● **WORK INSTRUCTION**
For the records that follow, please set down exactly the lines between the one holding "- Heels height 4.5 inches - 11,5 cm" and the one holding "- Made in Italy", inclusive, and only those.

● **RECORDS SUPPLIED**
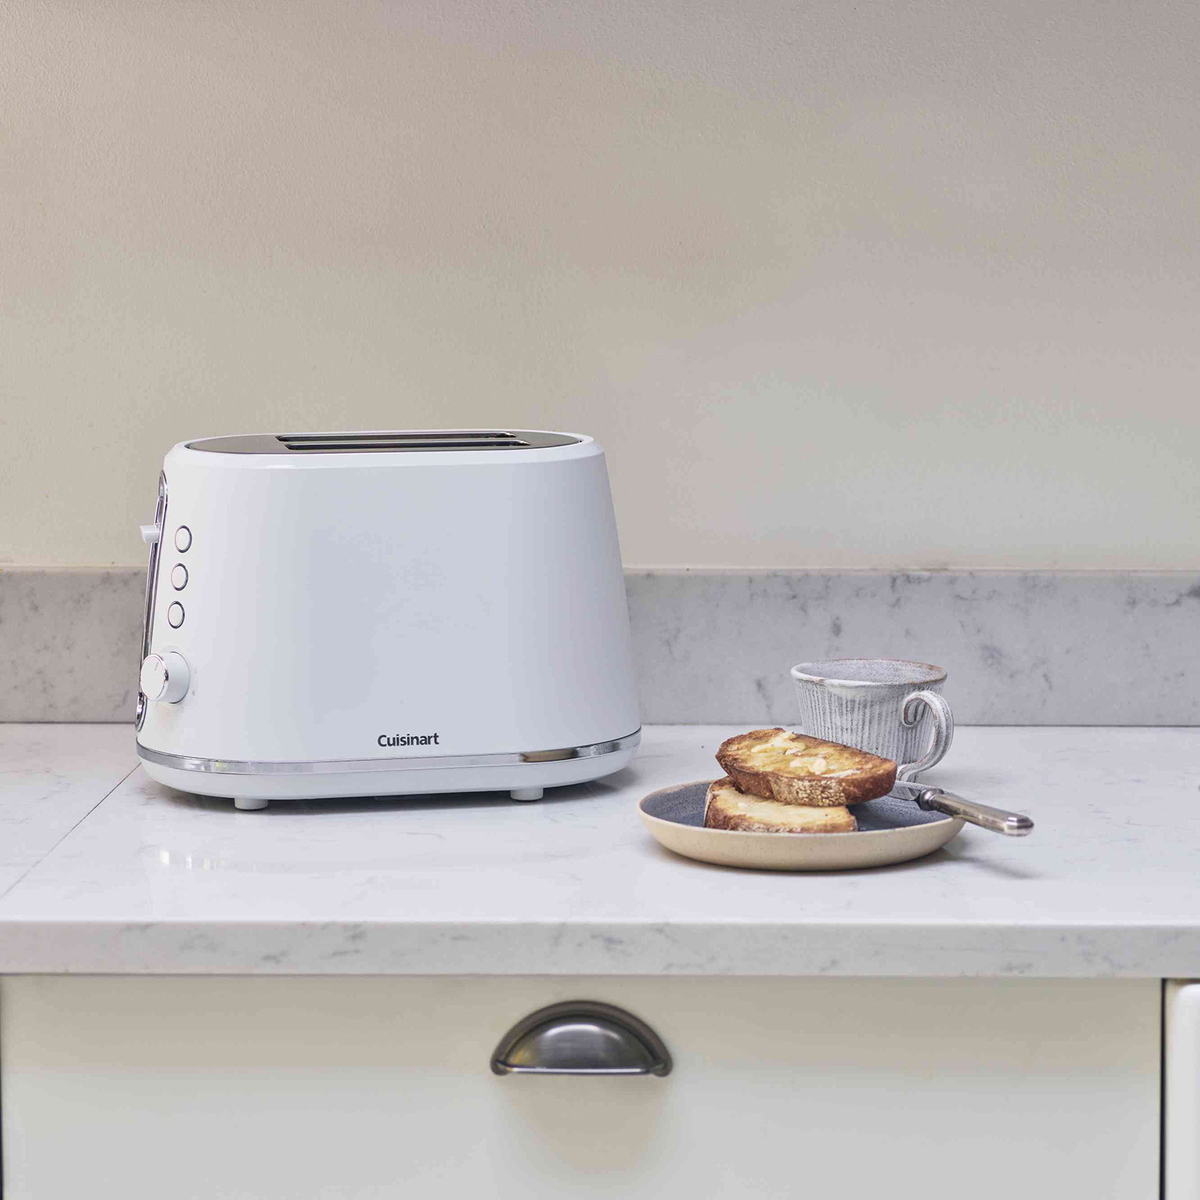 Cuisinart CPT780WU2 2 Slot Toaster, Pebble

* * *

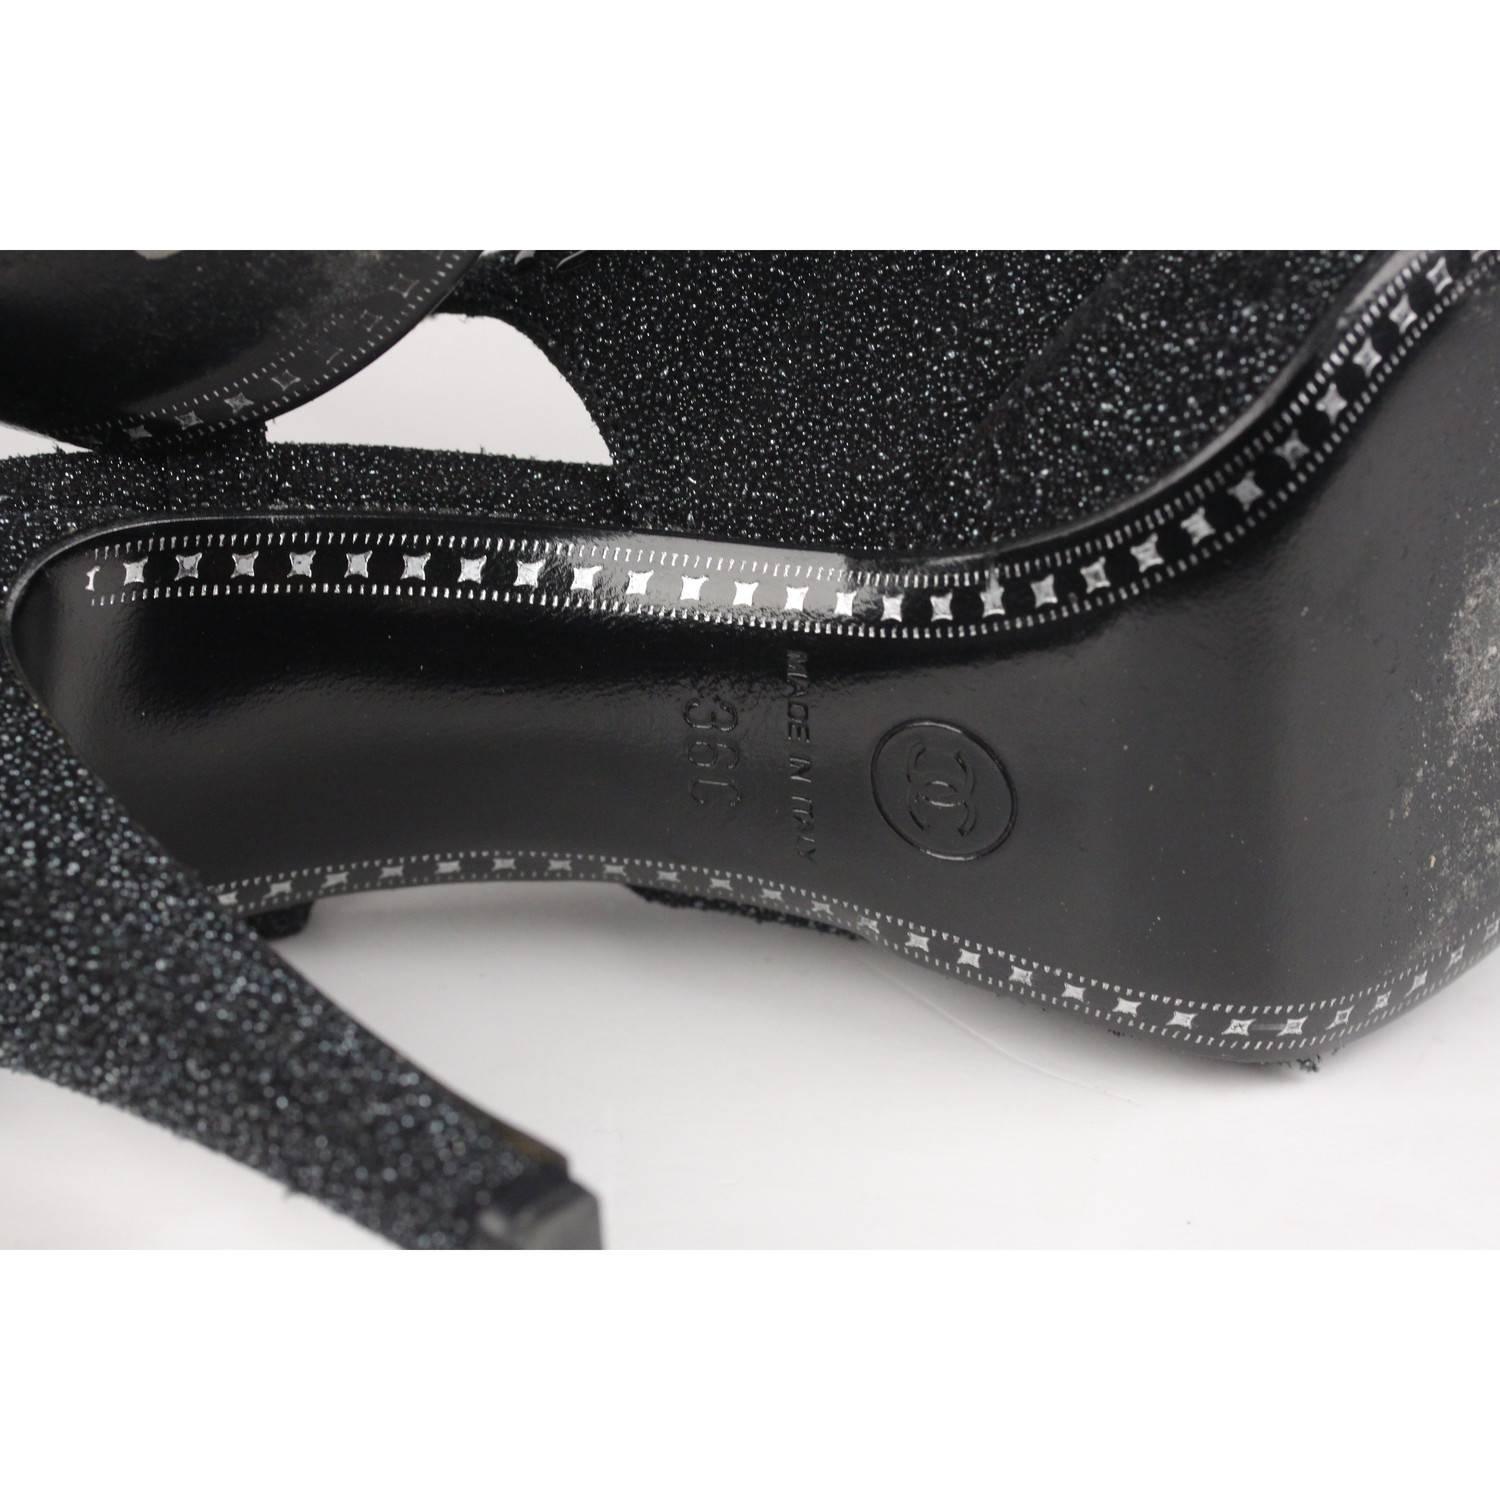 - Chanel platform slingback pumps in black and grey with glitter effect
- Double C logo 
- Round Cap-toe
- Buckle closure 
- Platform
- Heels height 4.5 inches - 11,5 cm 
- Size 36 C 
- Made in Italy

● **ANSWER TO THE PROBLEM**
- Heels height 4.5 inches - 11,5 cm 
- Size 36 C 
- Made in Italy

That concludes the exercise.